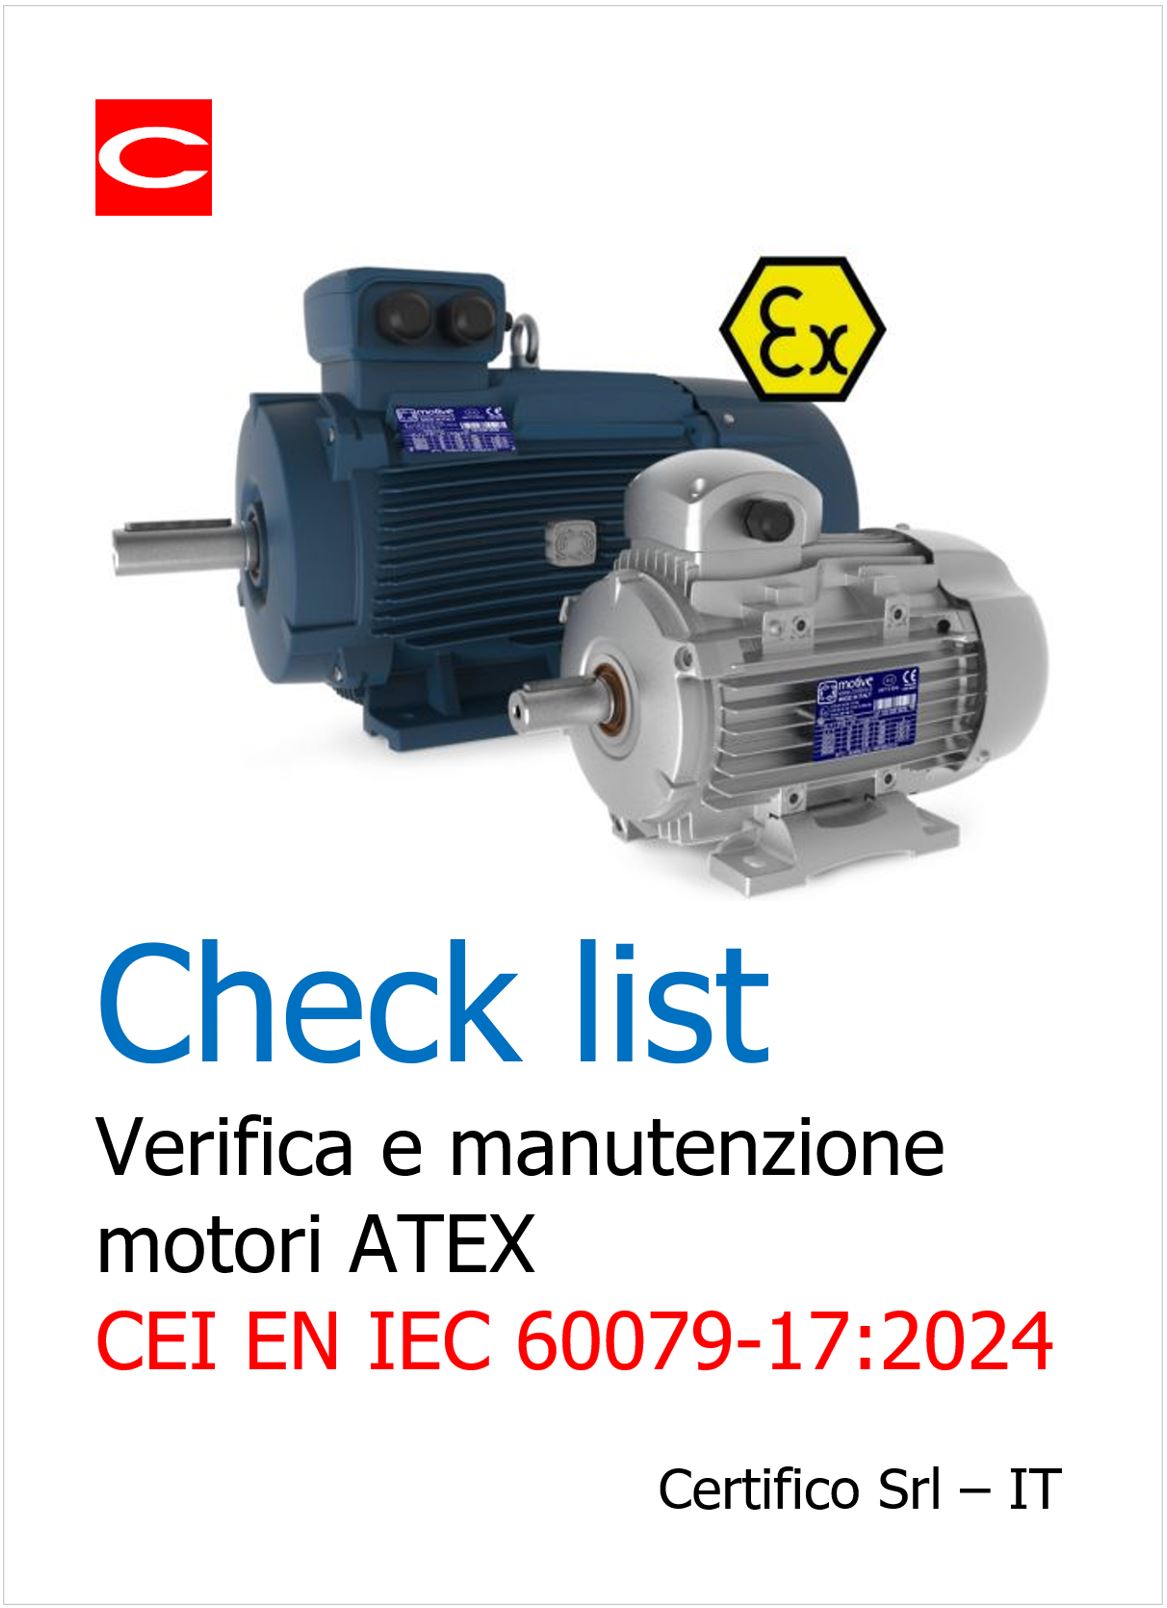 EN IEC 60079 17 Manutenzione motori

________

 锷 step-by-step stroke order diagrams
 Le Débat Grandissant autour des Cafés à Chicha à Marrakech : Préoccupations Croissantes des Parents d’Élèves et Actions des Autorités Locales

________

Among the entries above, copy exactly only the lines starting with the one containing "锷 step-by-step stroke order diagrams" and going through the one containing "Le Débat Grandissant", both ends included.

__Written answer__
 锷 step-by-step stroke order diagrams
 Le Débat Grandissant autour des Cafés à Chicha à Marrakech : Préoccupations Croissantes des Parents d’Élèves et Actions des Autorités Locales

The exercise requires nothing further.